## Work order
What is needed is an exact reproduction of the lines in the records below, starting at the line with "Gubelin World Timer" and ending at the line with "Danmark öppnade nyligen", both included, and nothing else; pictures stay out.

## Input records
= = =

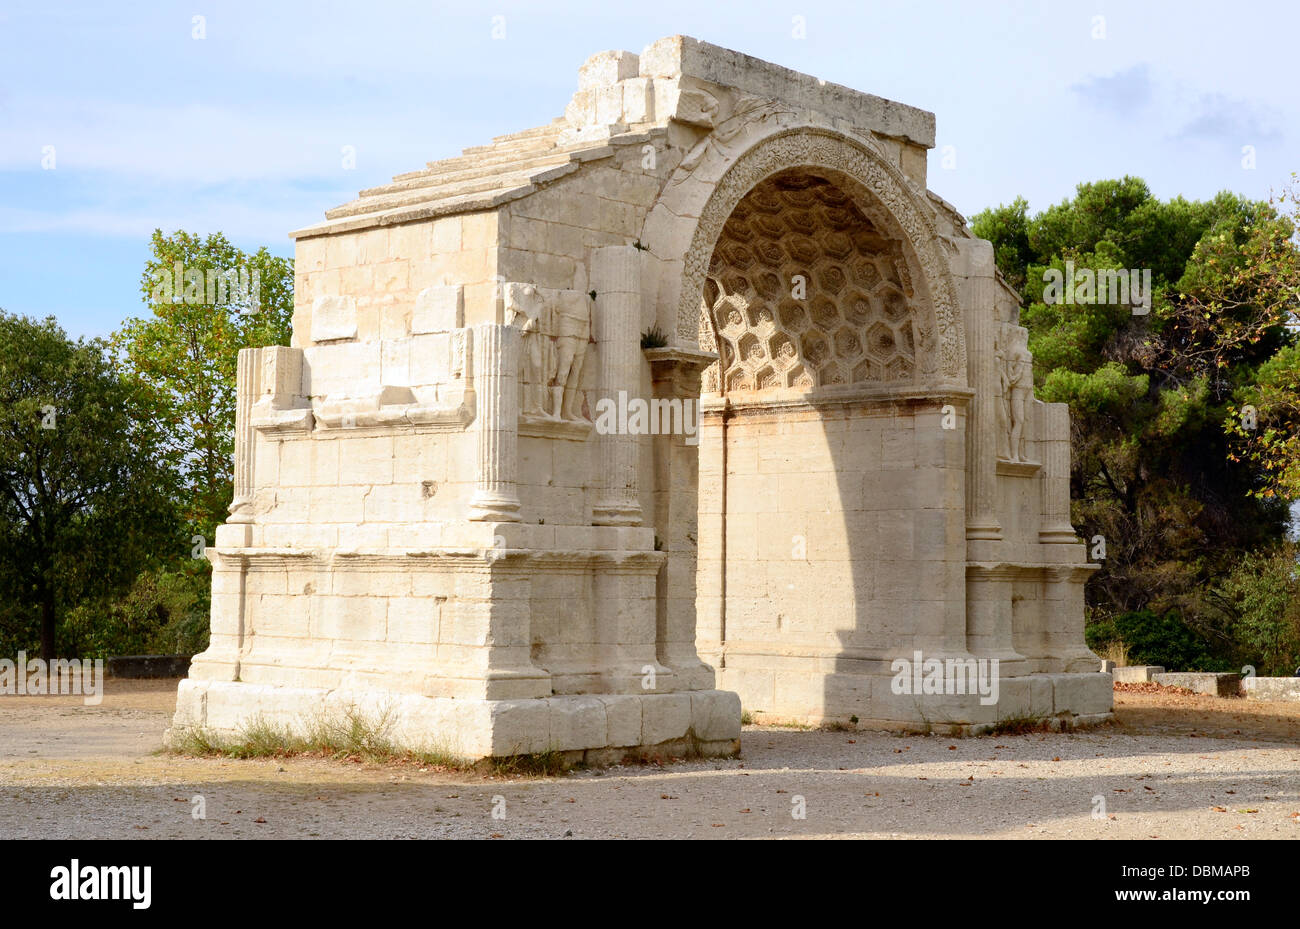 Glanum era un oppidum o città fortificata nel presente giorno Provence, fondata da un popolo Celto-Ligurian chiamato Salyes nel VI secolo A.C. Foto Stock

= = =

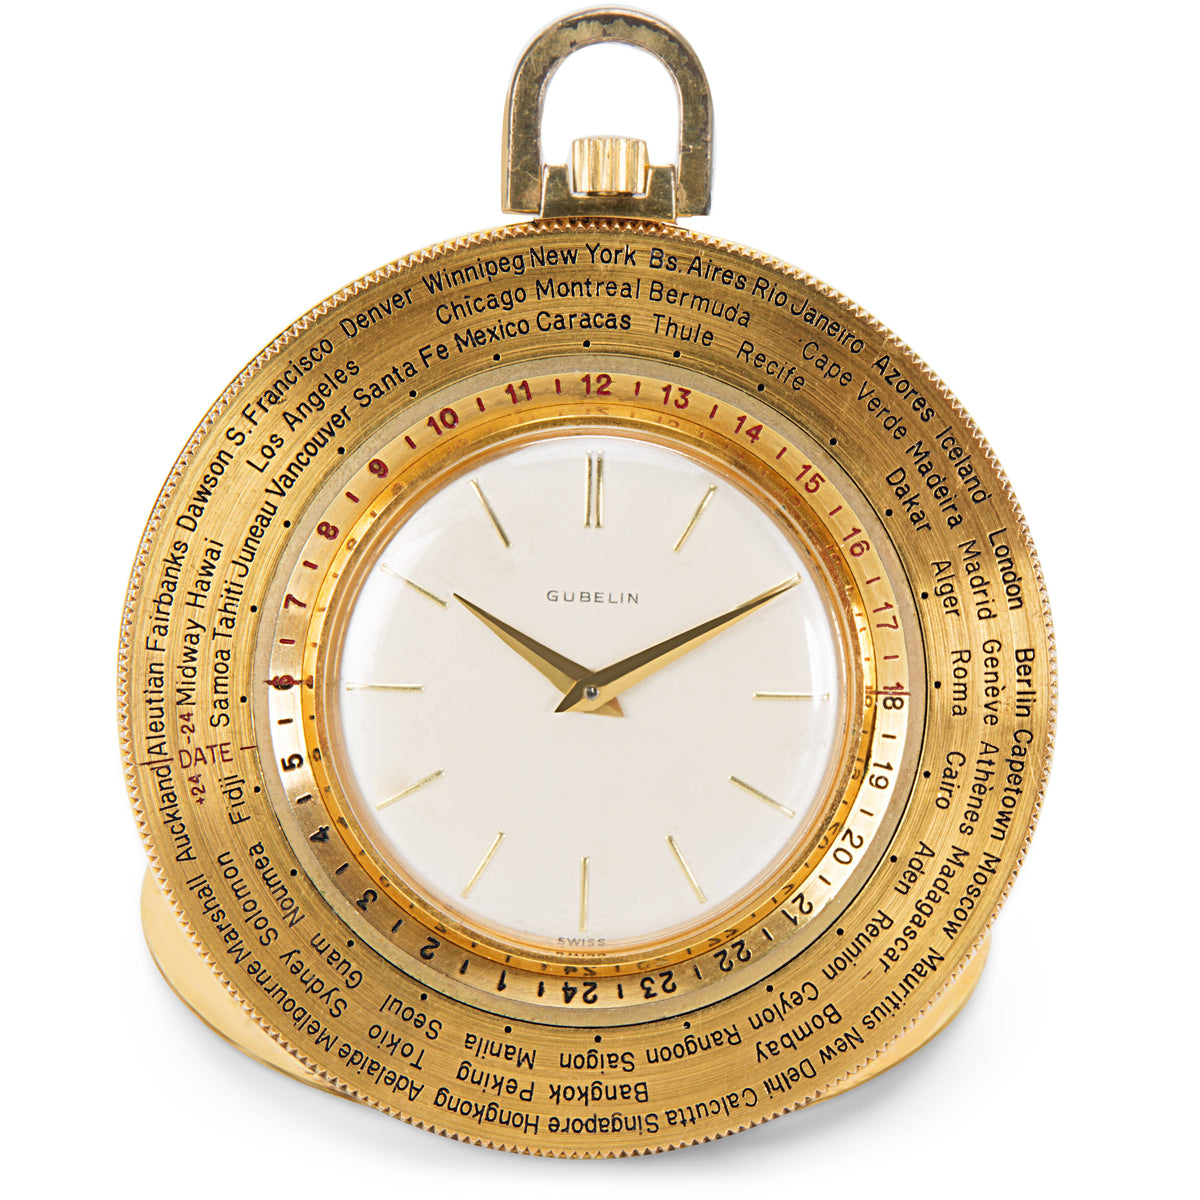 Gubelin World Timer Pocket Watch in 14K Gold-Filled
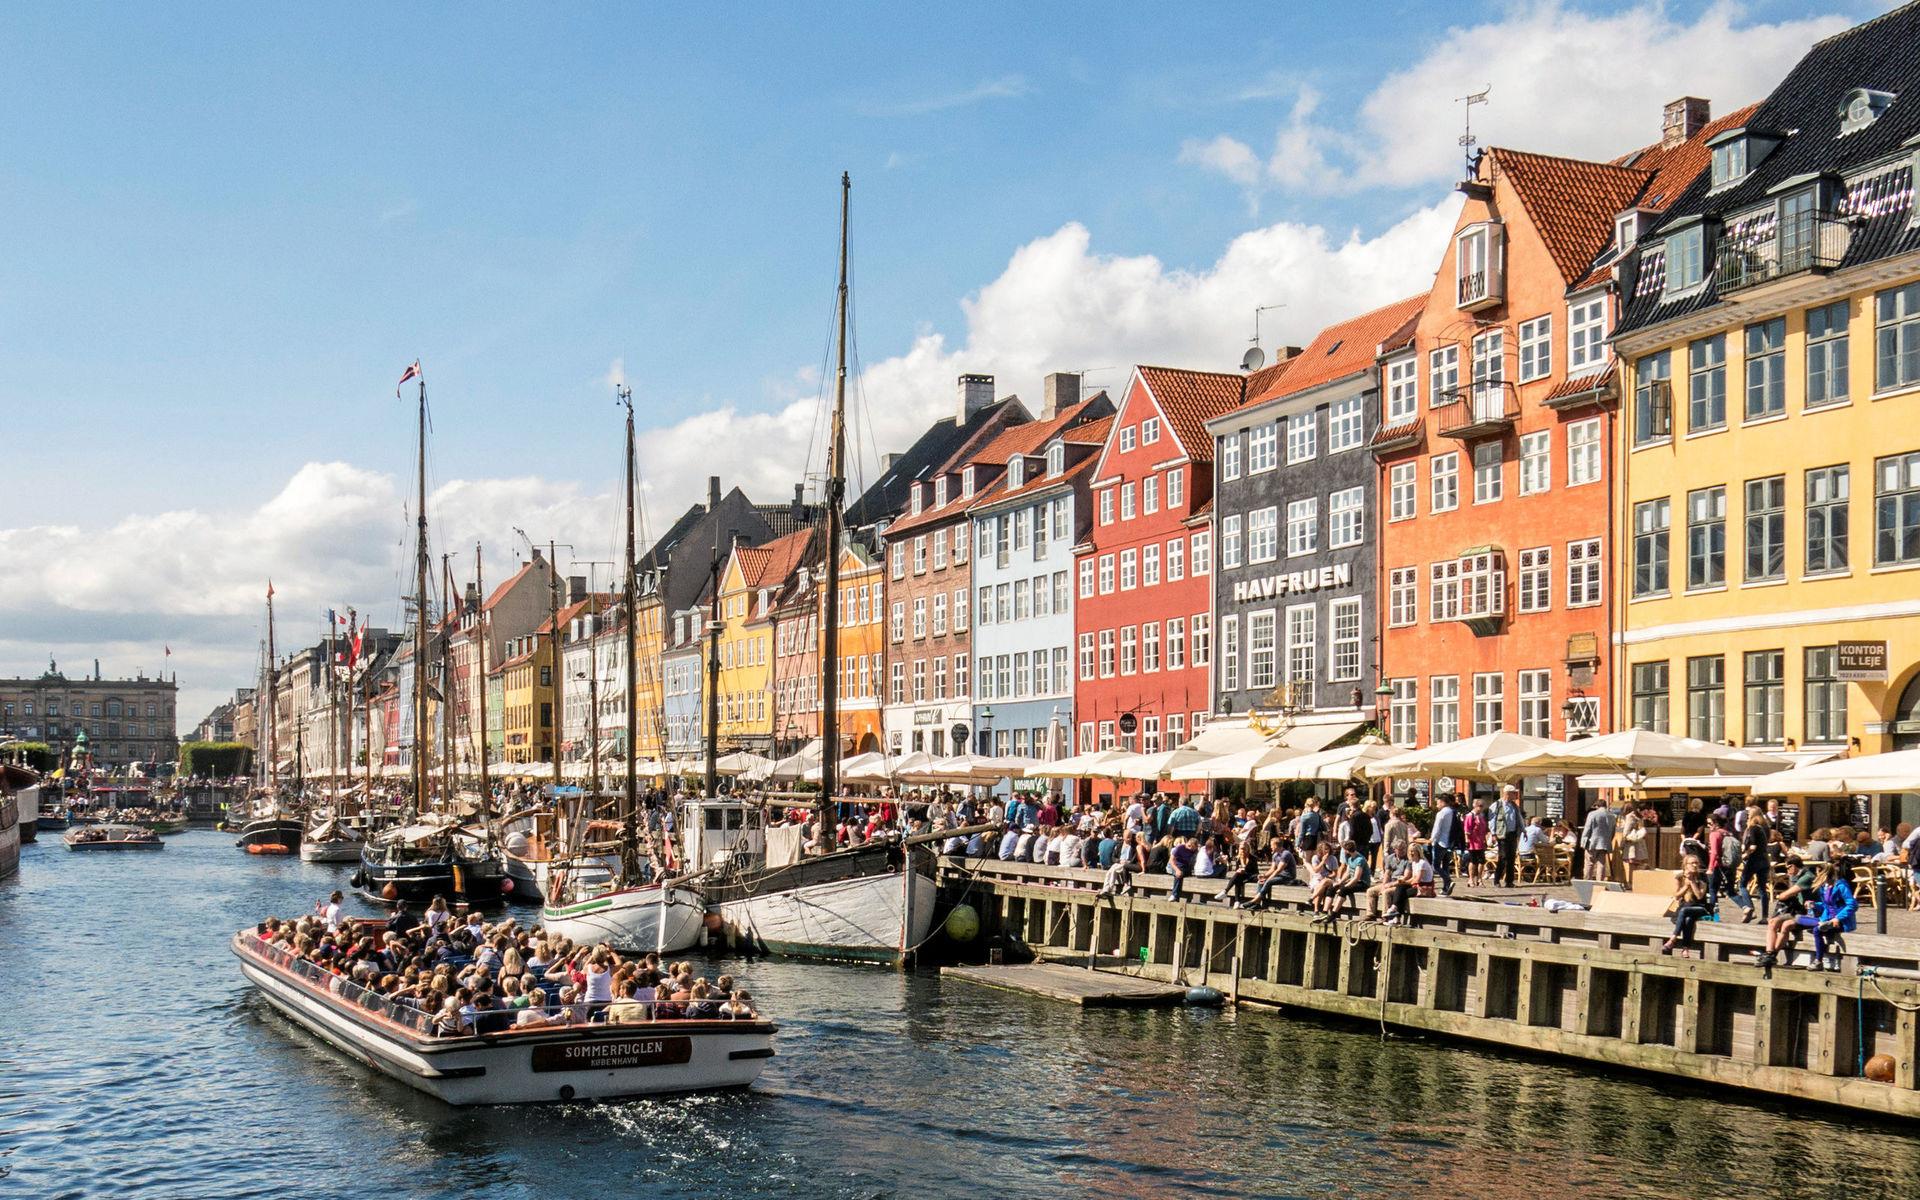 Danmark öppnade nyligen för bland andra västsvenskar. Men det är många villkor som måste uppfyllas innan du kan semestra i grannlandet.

= = =

## Task output
 Gubelin World Timer Pocket Watch in 14K Gold-Filled
 Danmark öppnade nyligen för bland andra västsvenskar. Men det är många villkor som måste uppfyllas innan du kan semestra i grannlandet.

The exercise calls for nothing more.